**WHAT YOU NEED TO DO:** What is wanted is the full listing, word for word, without its pictures.

**SUPPLIED INFORMATION:**
---------------

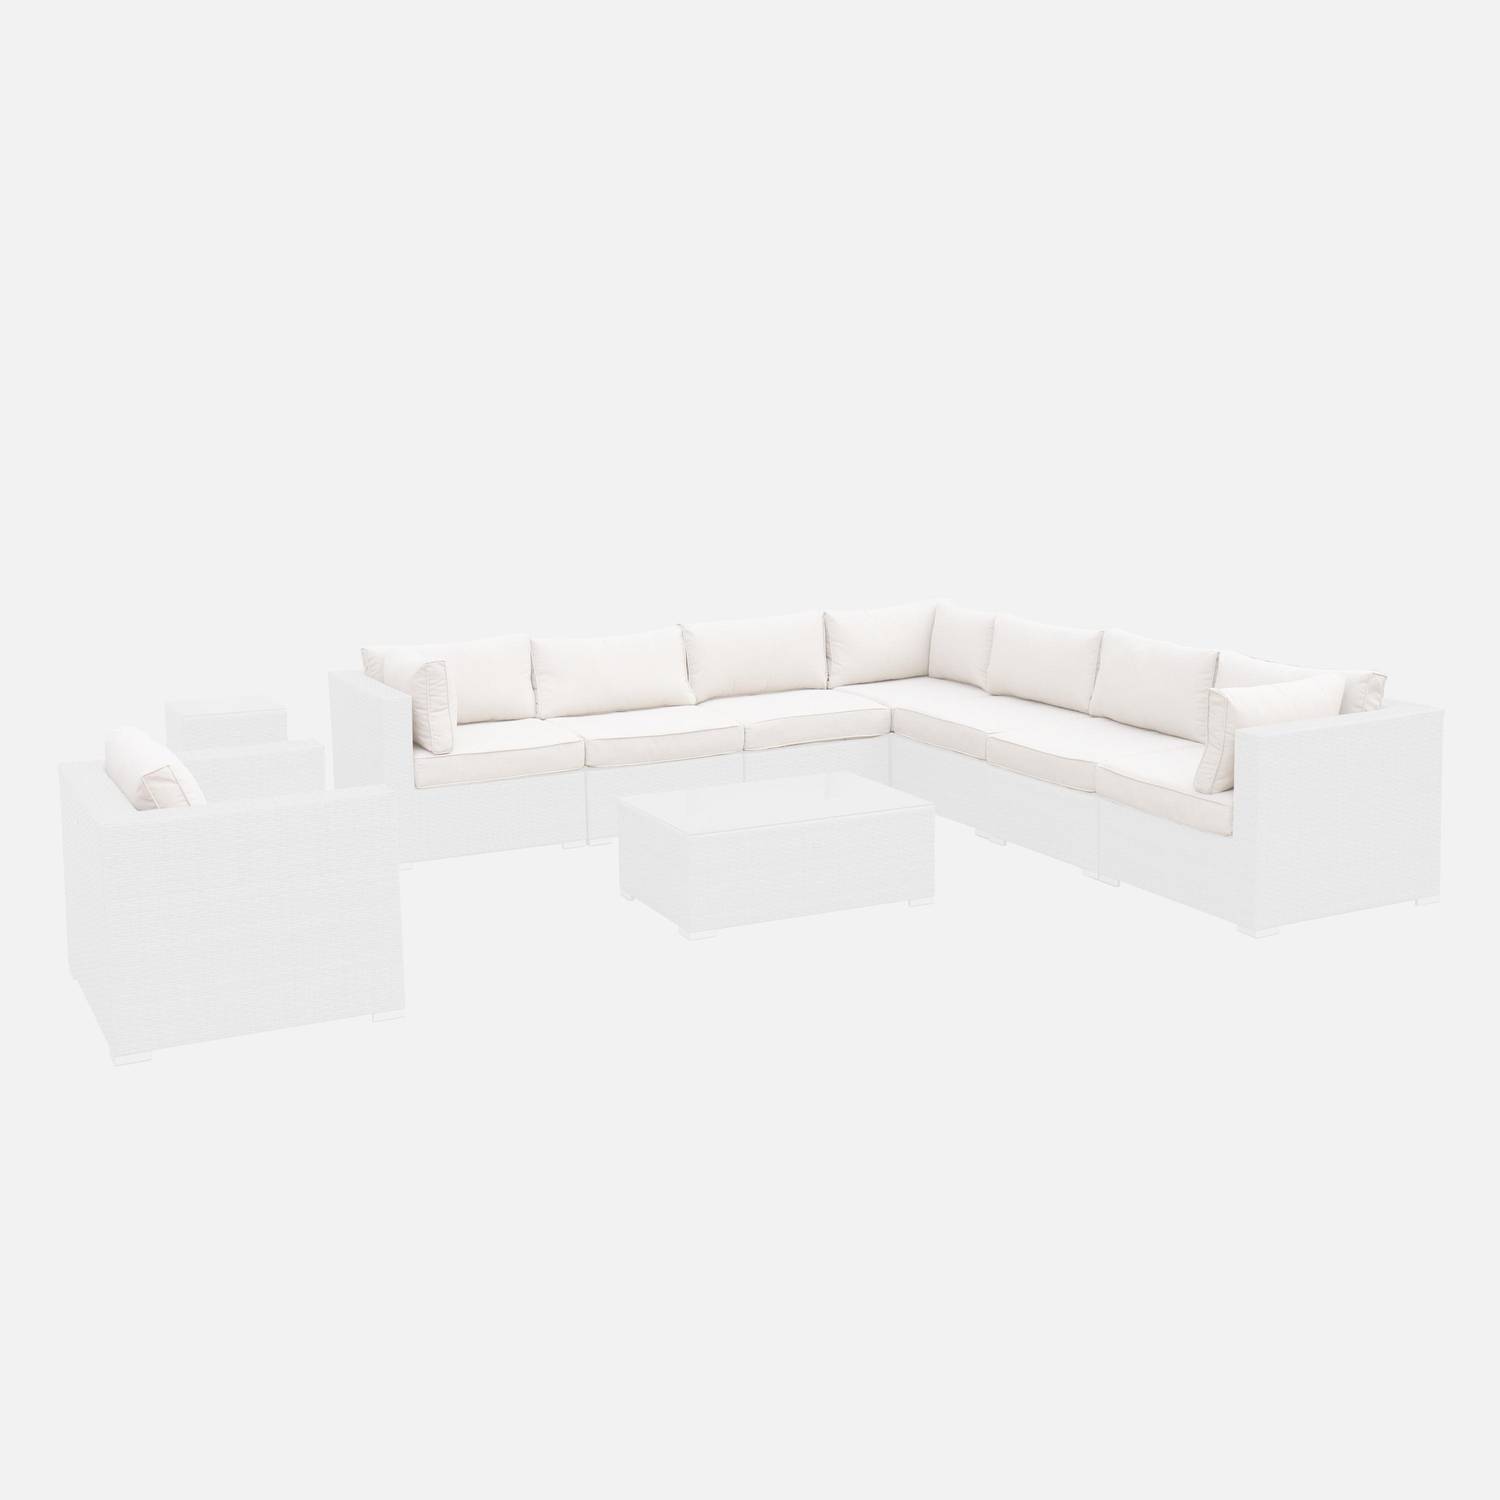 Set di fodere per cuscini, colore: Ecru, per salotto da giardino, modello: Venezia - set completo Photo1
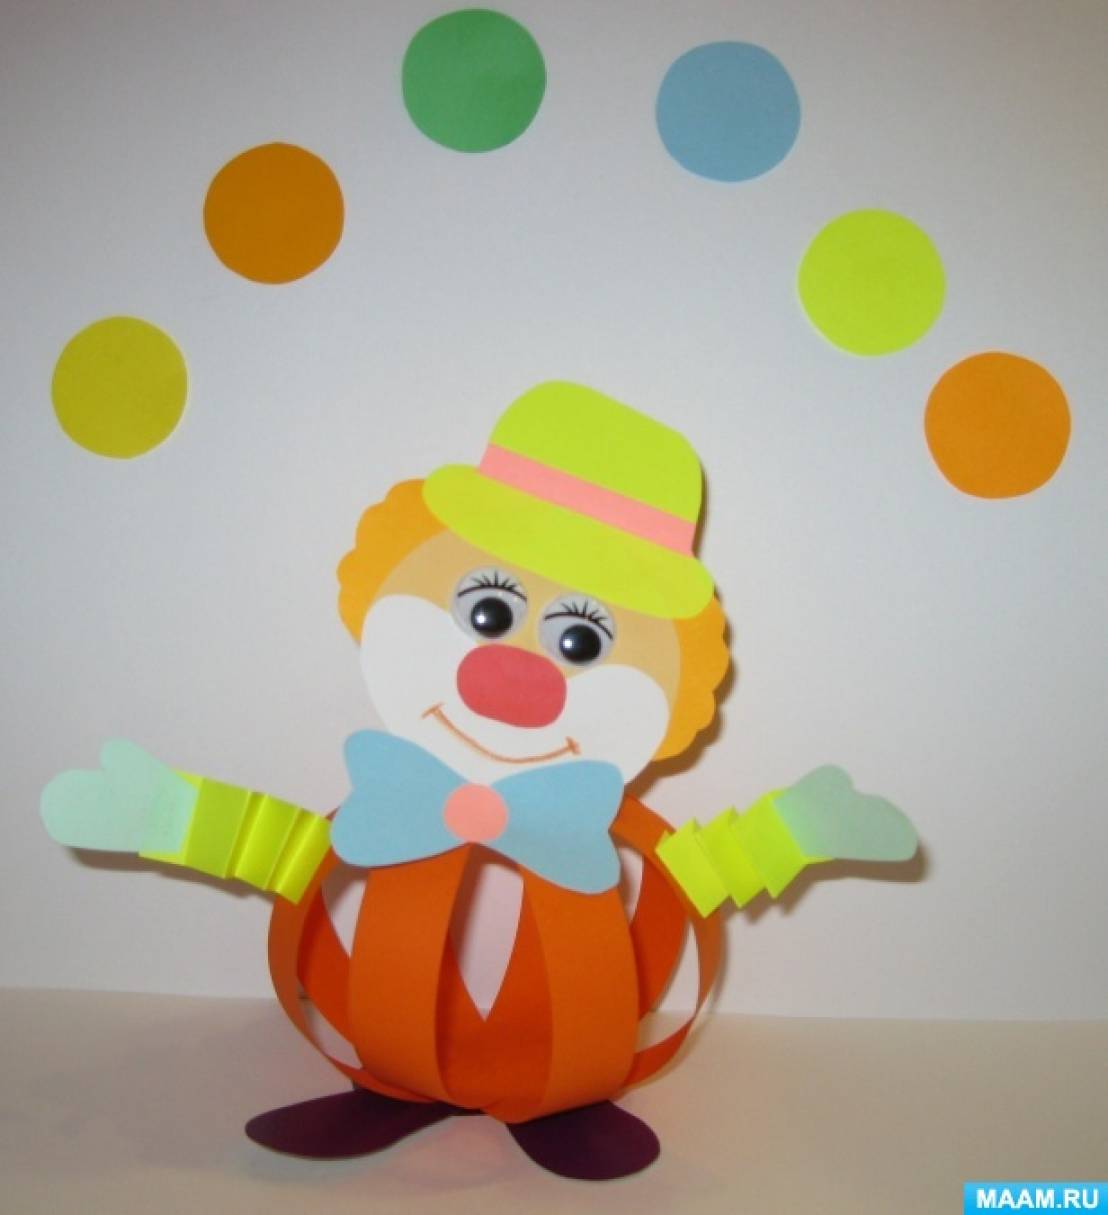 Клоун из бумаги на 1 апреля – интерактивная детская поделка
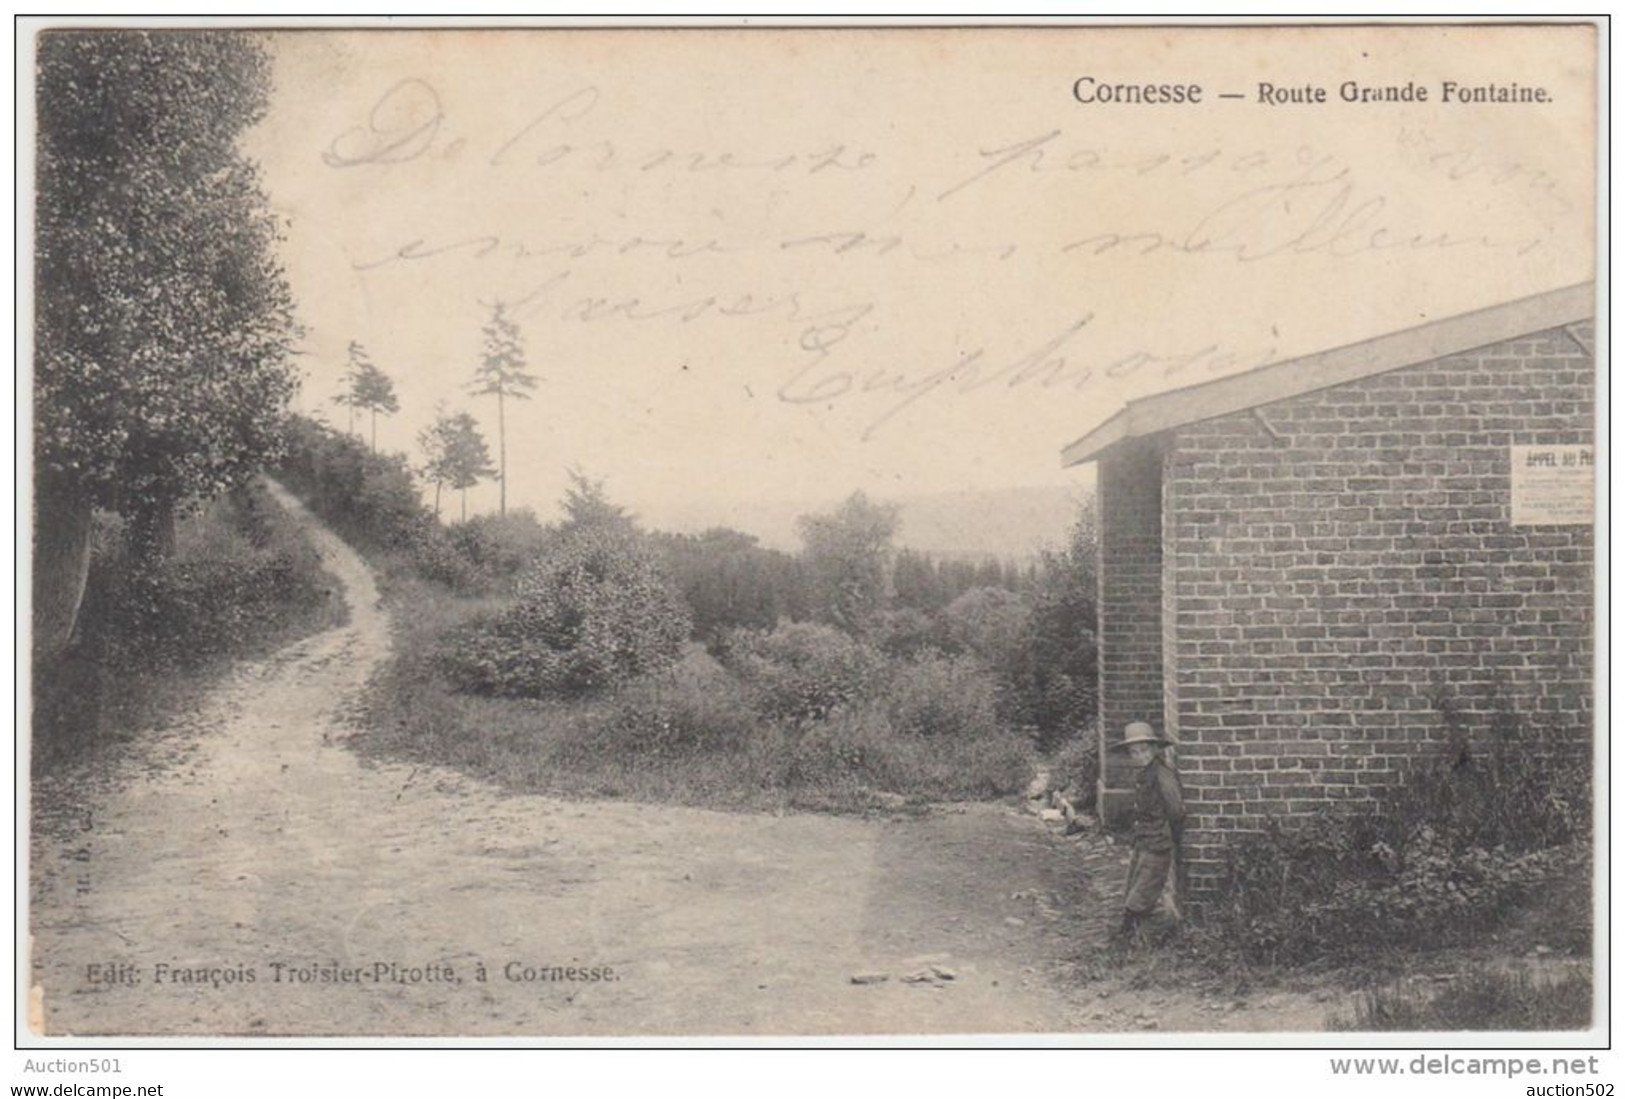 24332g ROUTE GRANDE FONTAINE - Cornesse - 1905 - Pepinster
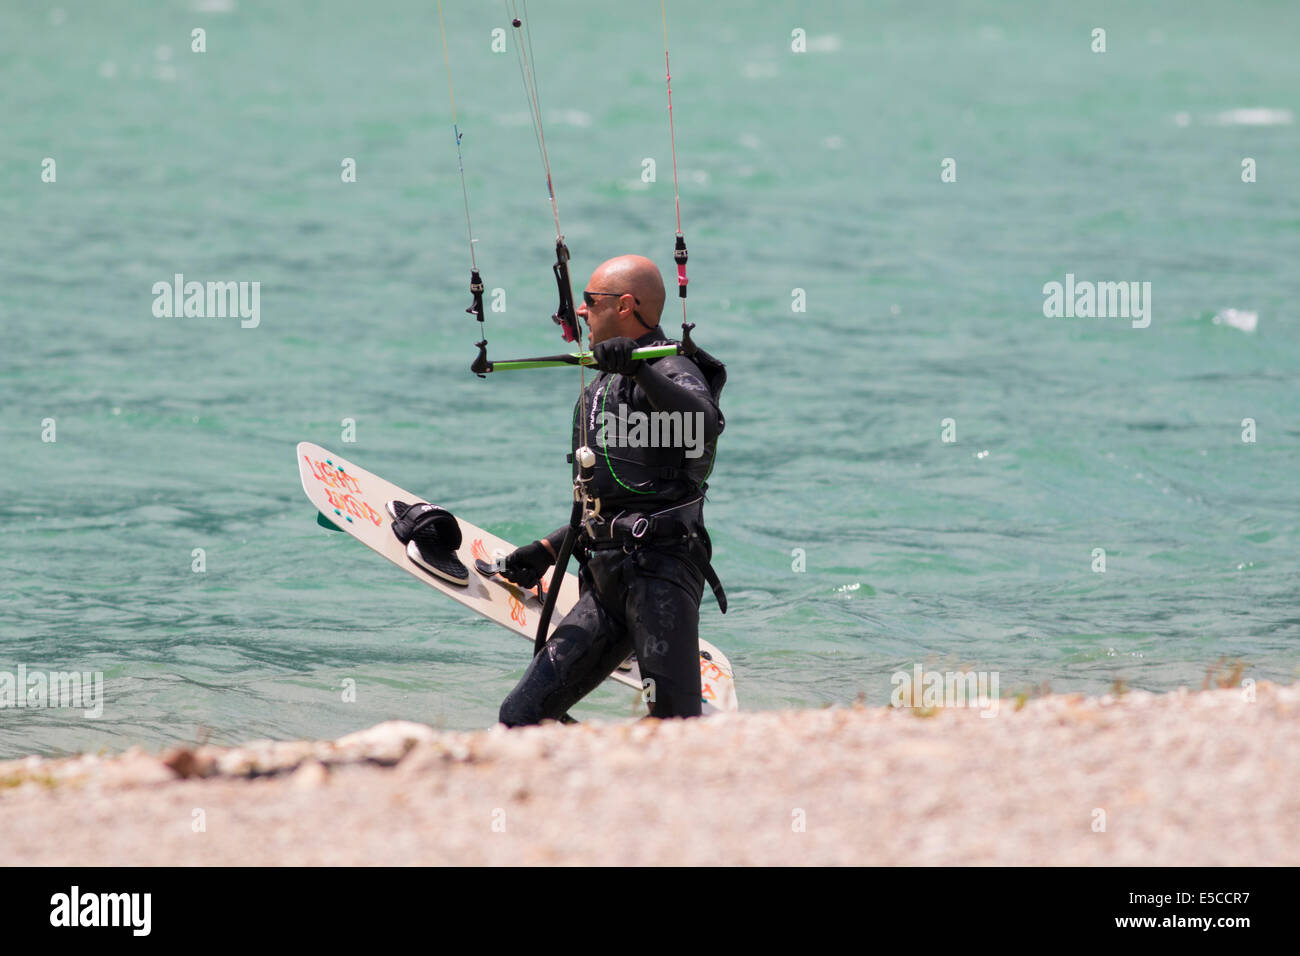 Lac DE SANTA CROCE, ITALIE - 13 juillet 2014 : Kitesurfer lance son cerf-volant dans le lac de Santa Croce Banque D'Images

---------------

**RESULT BELOW:**
 Set di fodere per cuscini, colore: Ecru, per salotto da giardino, modello: Venezia - set completo Photo1
 Клоун из бумаги на 1 апреля – интерактивная детская поделка
 24332g ROUTE GRANDE FONTAINE - Cornesse - 1905 - Pepinster
 Lac DE SANTA CROCE, ITALIE - 13 juillet 2014 : Kitesurfer lance son cerf-volant dans le lac de Santa Croce Banque D'Images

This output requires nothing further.